Using only one Bible version in both written and oral discourse seems practical and expedient. This would not pose any problem if and when those who translated various languages are completely free of bias or theologically neutral. Unfortunately, they are not. And this has resulted not only in differences in shades of meaning in some portions of the verse, but also  in differences in interpretation of the entire passage:  

"All translations involves interpretation. Interpretation, of course, involves the influence of theology; and as all translation involves interpretation, so all translation involves theology. ......... Translators cannot avoid totally the necessity of making interpretive decisions, nor can they avoid completely the influence of personal views of truth on their work. Translation in not hermeneutically neutral and translators are not theologically neutral." (Accuracy of Translation, p.41)

For these reasons there are times when it is necessary to choose the version that is not only easier to comprehend, but most of all renders the precise meaning---thus, the need to use more than one version of the Bible.

How do we determine which particular version of the Bible to use? Apostle Paul taught the guiding principle when it comes to the teachings written in the Holy Scriptures:

"But God has revealed them to us through His Spirit. For the Spirit searches all things, yes, the deep things of God."

"These things we also speak, not in words which man's wisdom teaches but which the Holy Spirit teaches, comparing spiritual things with spiritual" (I Cor. 2:10,13, New King James Version)

Spiritual truth must be compared with spiritual truths, and in doing so, there must be no contradiction. Hence, if a term or phrase in particular version contradicts the true doctrine, then there is an error in the translation. Therefore it behooves us to use a version that does not contradict the biblical truth.

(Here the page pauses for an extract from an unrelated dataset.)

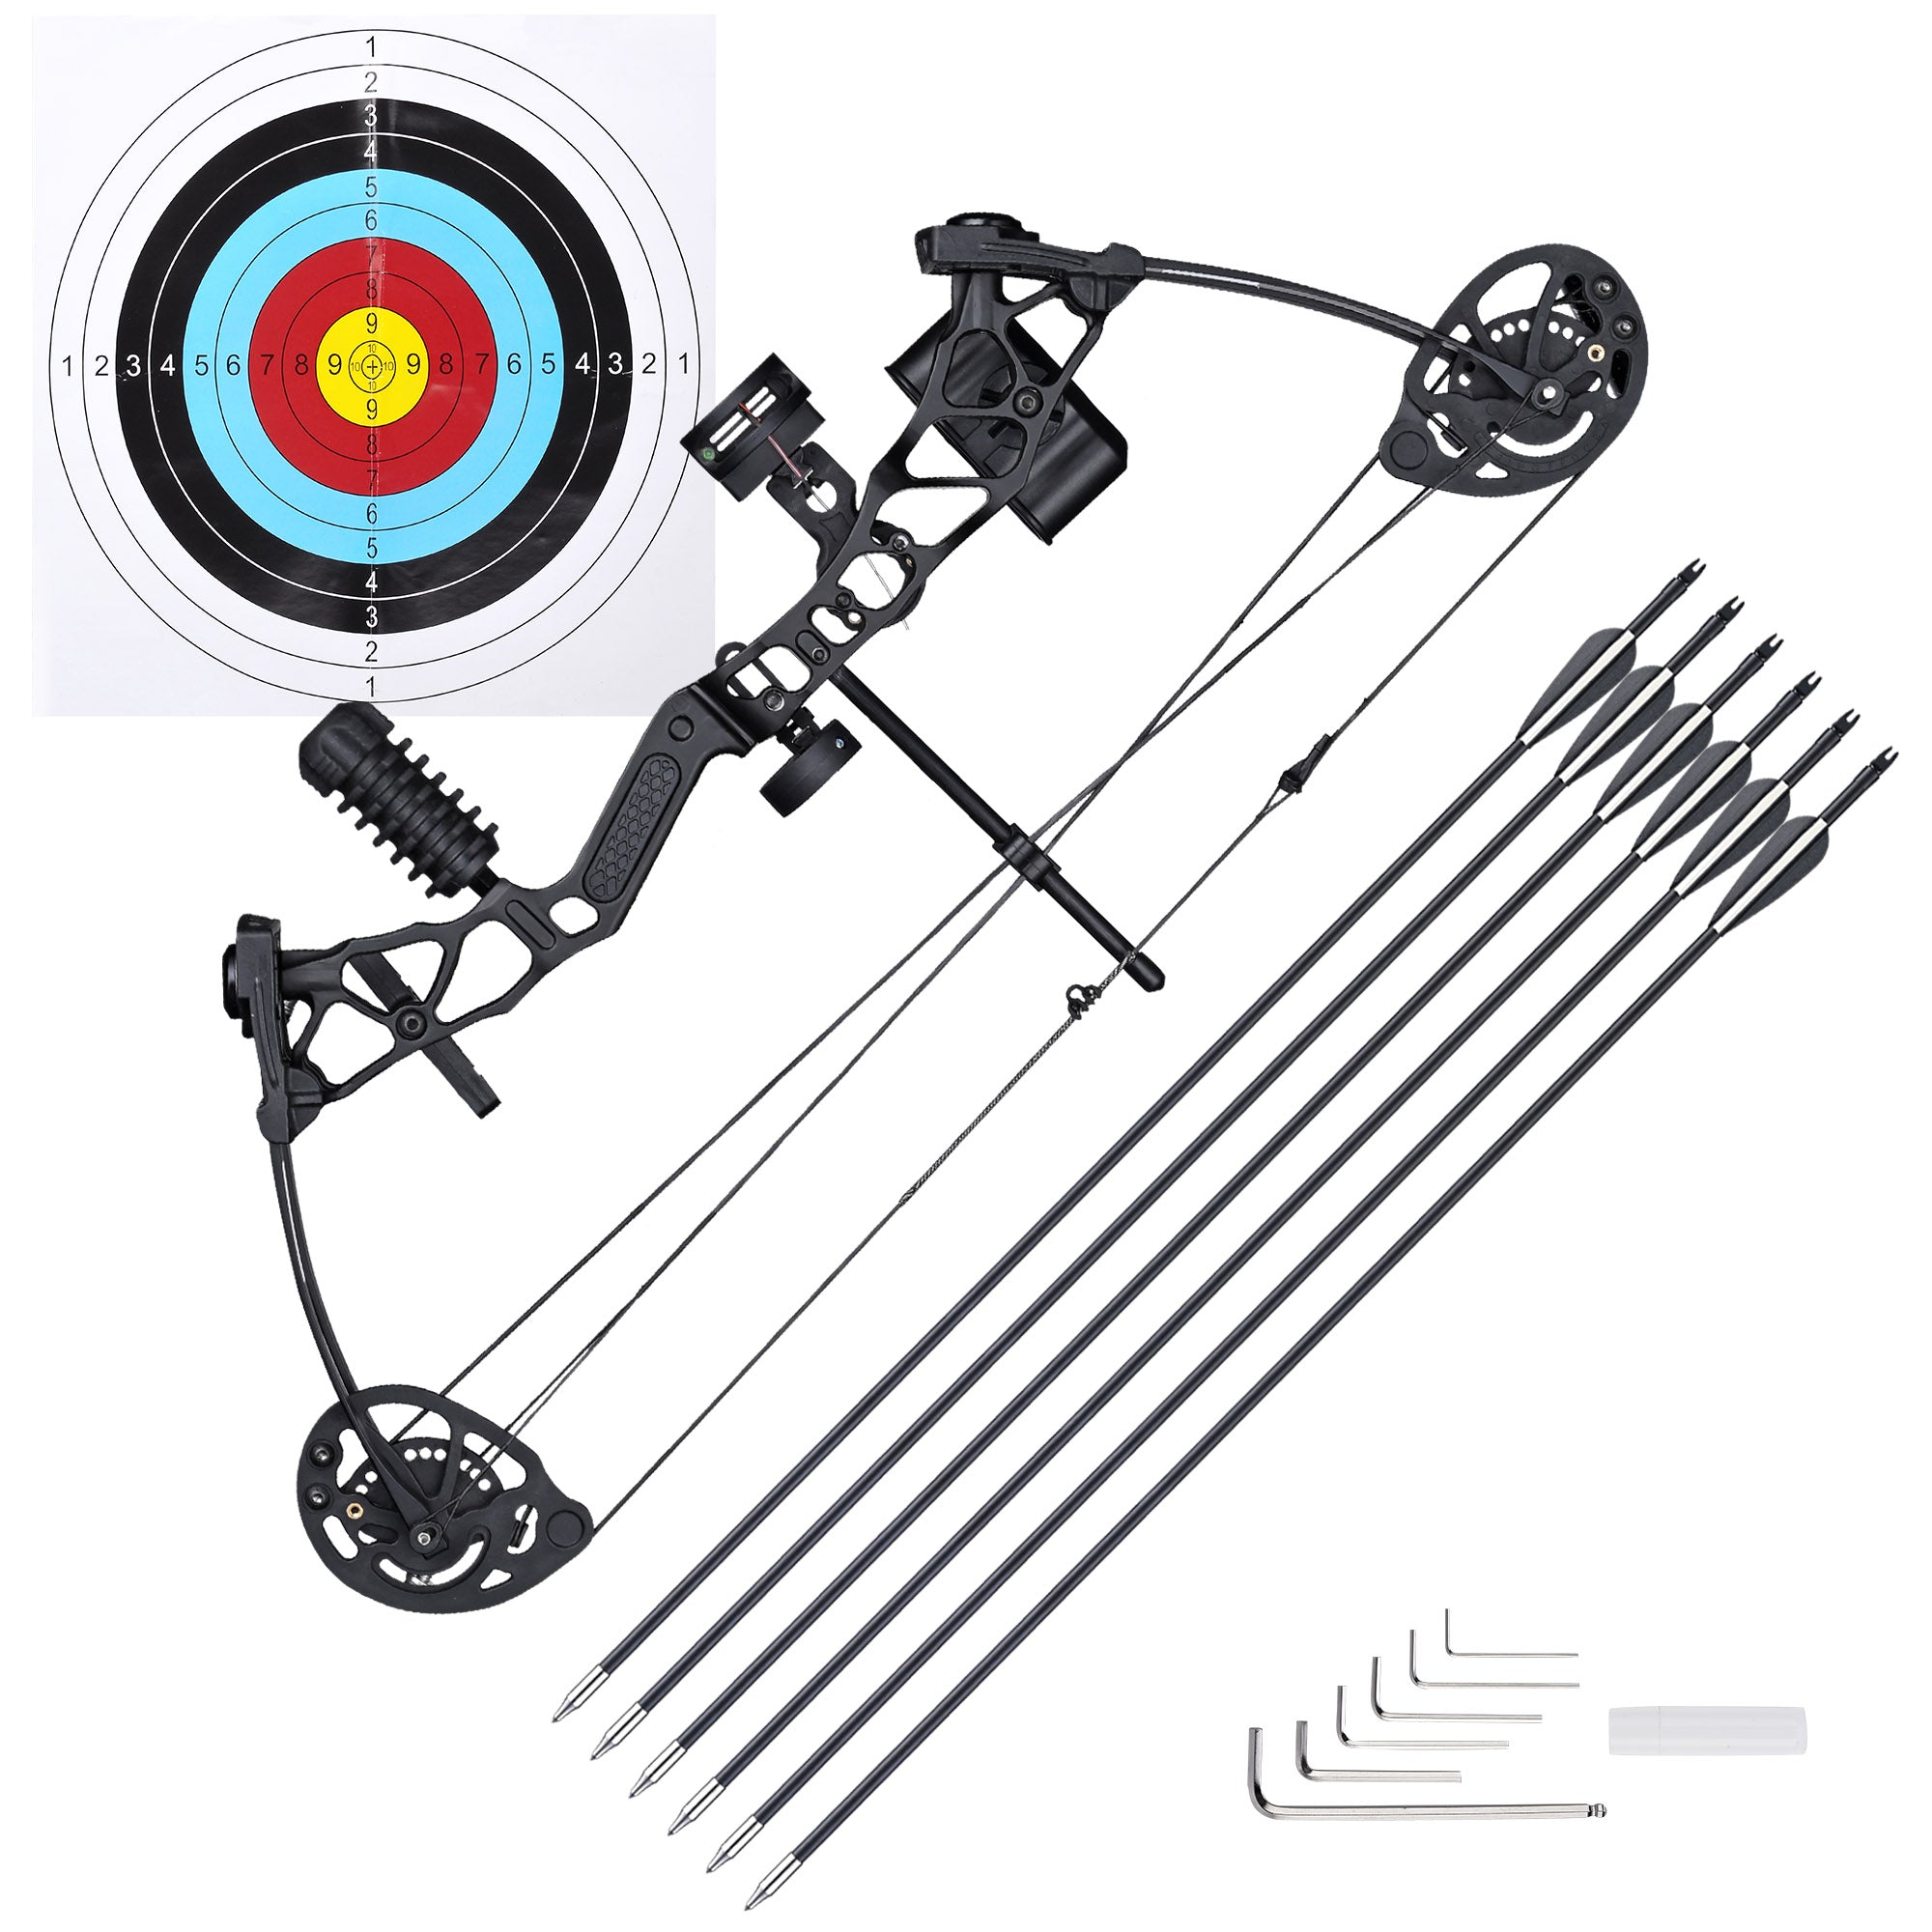 ZhengZ Arrow Targets for Shooting Outdoor Straw Archery Targets1 Layer 19.6 Inch Straw Arrow Target Four-Colors Handmade for Recurve Bow Longbow or Compound Bow

However, an important thing must be understood when it come to comparing spiritual truths with spiritual truths. A preacher of the gospel must be sent or duly commissioned by God for him to receive the Holy Spirit and be able to correctly compare spiritual truths and spiritual things. Hence, not everyone can rightfully explain the contents of the Bible. Apostle Paul said,

"And how shall they preach unless they are sent? ..... (Rom. 10:15, ibid)

John the Baptist also taught the importance of being sent by God:

"The one whom God has sent speaks God's words, because God gives him the fullness of his Spirit." (Jn. 3:34, Today's English Version)

God gave the knowledge of His words only to His messengers. They are the ones entrusted with the ministry and the message of reconciliation (II Cor. 5:18-20), and thus they are the ones who can rightfully teach the contents of the Holy Scriptures. People should listen to their preaching to be able to know and understand the will of God expressed in His Holy book.